Asuransi dan Dana Pensiun Bisa Jadi Alternatif Pembiayaan Jangka Panjang

Asuransi dan Dana Pensiun Bisa Jadi Alternatif Pembiayaan Jangka Panjang

- detikFinance
Rabu, 03 Sep 2014 12:58 WIB
Asuransi dan Dana Pensiun Bisa Jadi Alternatif Pembiayaan Jangka Panjang
Jakarta - Otoritas Jasa Keuangan (OJK) mendorong kepada masyarakat maupun pemerintah untuk mencari alternatif sumber pembiayaan jangka panjang selain perbankan. Pasar modal didorong untuk bisa melengkapi sumber pembiayaan tersebut. Selain pasar modal, asuransi dan dana pensiun juga bisa dijadikan pilihan.

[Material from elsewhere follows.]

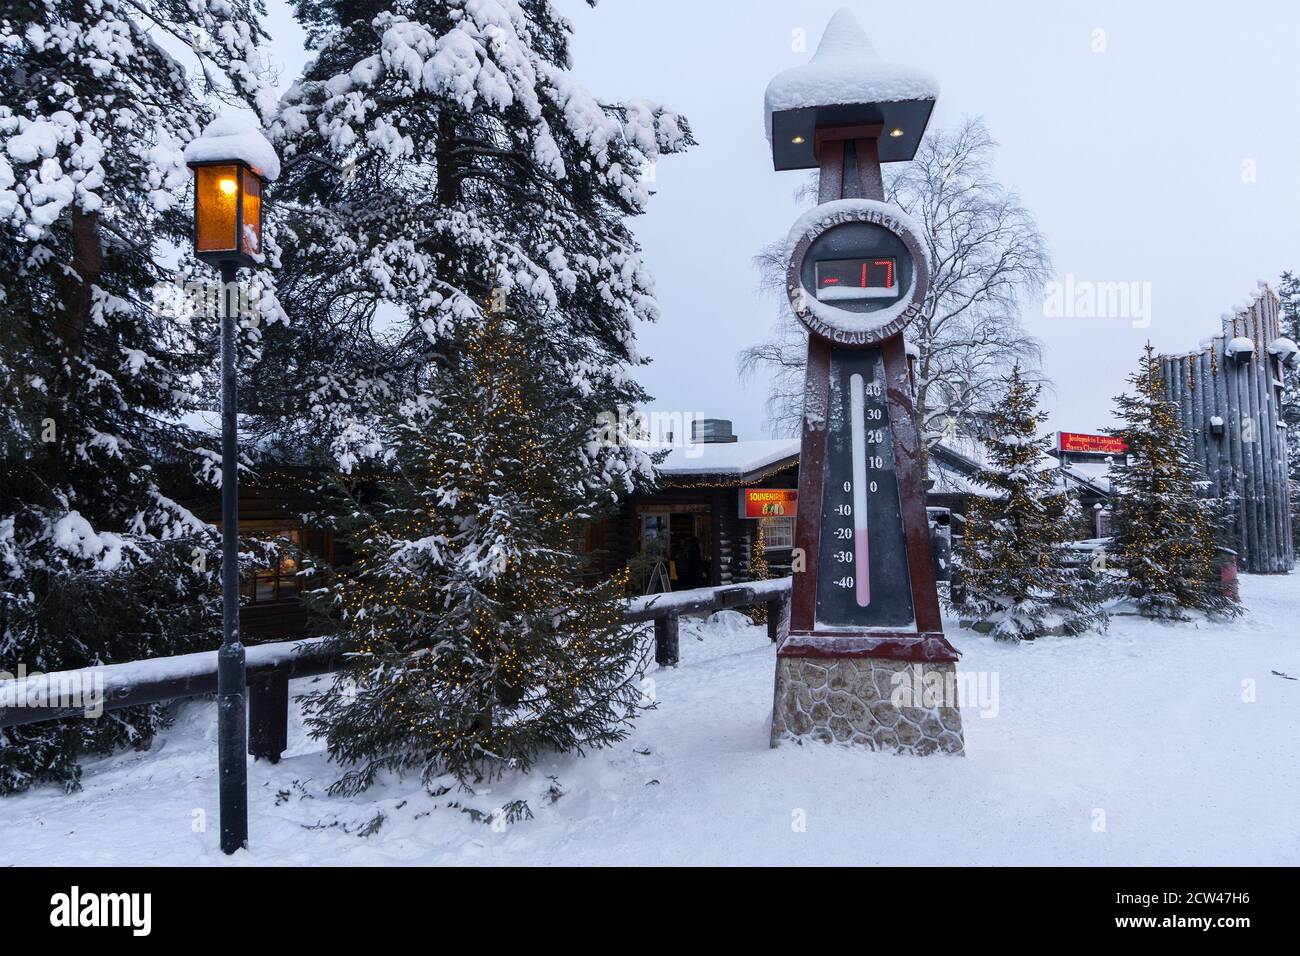 Grande horloge de rue gelée montrant 17 degrés en dessous de zéro dans le village du Père Noël. Noël d'hiver et le nouvel an arrière-plan. Banque D'Images
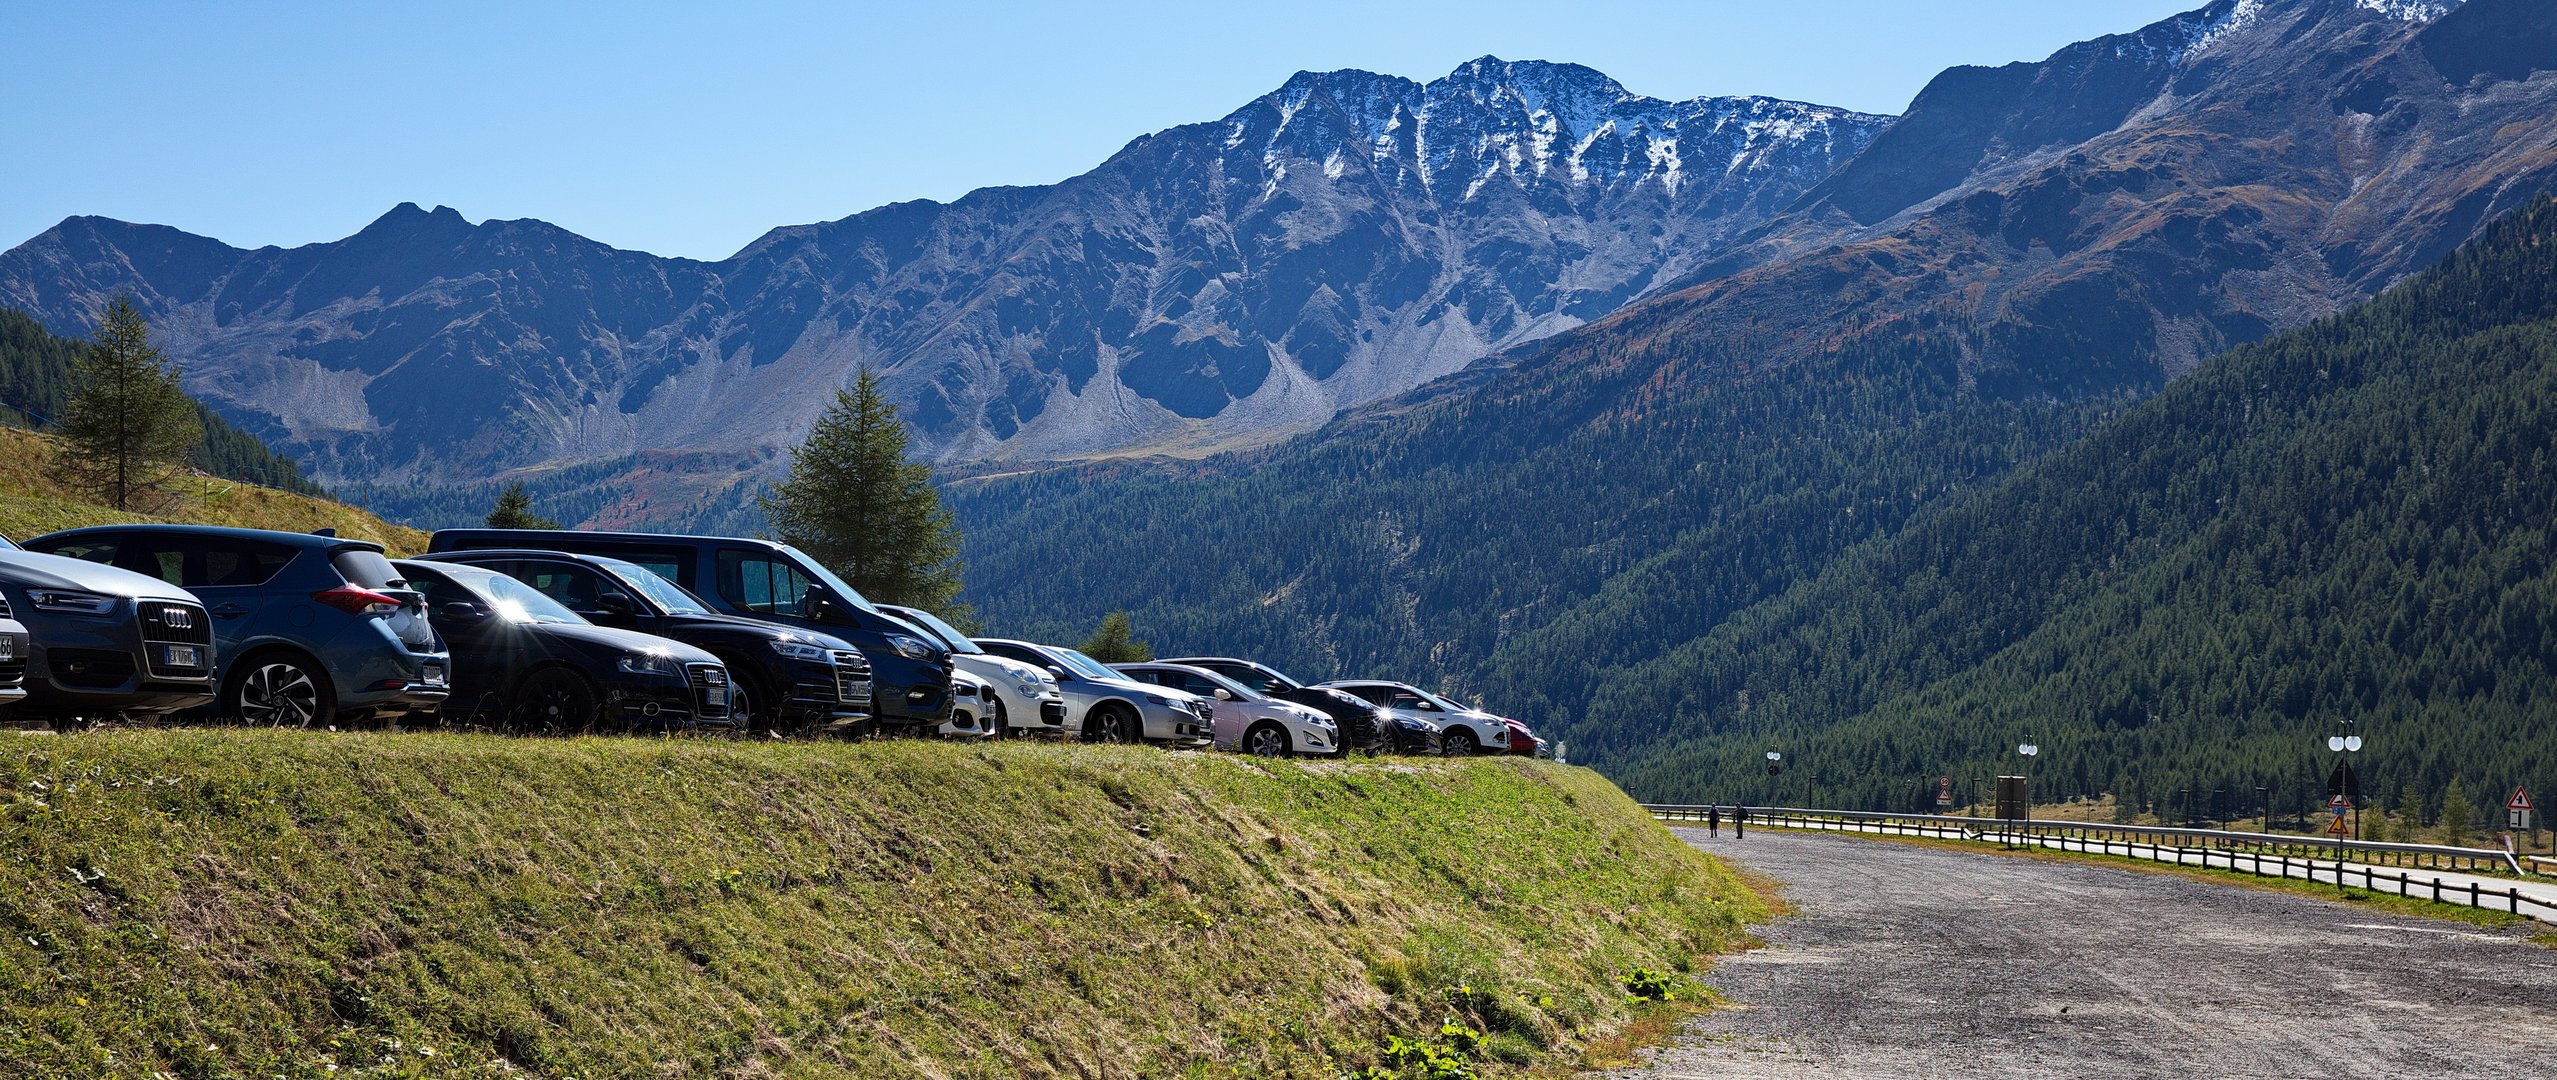 Mit dem Auto in die Berge - Kurzras, Schnalstal - Südtirol

Ketua Dewan Komisioner OJK Muliaman D. Hadad mengungkapkan, saat ini Indonesia masih minim dalam penyediaan sumber pembiayaan jangka panjang. Perbankan masih jadi sumber pembiayaan paling tinggi untuk pembangunan infrastruktur. Asuransi dan dana pensiun bisa dijadikan alternatif ini.

"Contoh sumber pembiayaan jangka panjang salah satunya asuransi dan dapen. Biasanya orang beli polis asuransi jangka panjang, asuransi jiwa biasanya sampai meninggal dunia. Demikian juga dana pensiun. Ini memiliki sumber-sumber dana jangka panjang, biasanya diambil kalau pensiun. Ini menjadi salah satunya. Kita bangun industri ini," kata Muliaman saat Acara Refleksi MP3EI di JCC Senayan, Jakarta, Rabu (3/9/2014).

SCROLL TO CONTINUE WITH CONTENT

Menurut Muliaman, alternatif pembiayaan tersebut didorong sebagai salah satu pengembangan Industri Keuangan Non Bank (IKNB).

"Kita tahu ada BPJS baik kesehatan maupun ketenagakerjaan. Tentu juga ada lembaga lain untuk dana jangka panjang. Sudah waktunya pembiayaan jangka panjang merestrukturisasi di luar perbankan

Muliaman menyebutkan, pihaknya ingin mendorong sumber pembiayaan di sektor non bank seperti asuransi dan dana pensiun selain pengembangan pasar modal. OJK sebagai otoritas di industri keuangan perlu melibatkan seluruh sektor yang ada.

"Sekarang tugas OJK akan melibatkan industri keuangan termasuk non bank untuk terlibat semuanya. Tidak mungkin bergantung pada bank saja. Dana bank itu jangka pendek. Kemungkinan mismatch-nya besar kalau untuk keperluan jangka panjang. Sehingga kita perlu dukungan pasar modal, perlu dukungan lembaga asuransi," pungkasnya.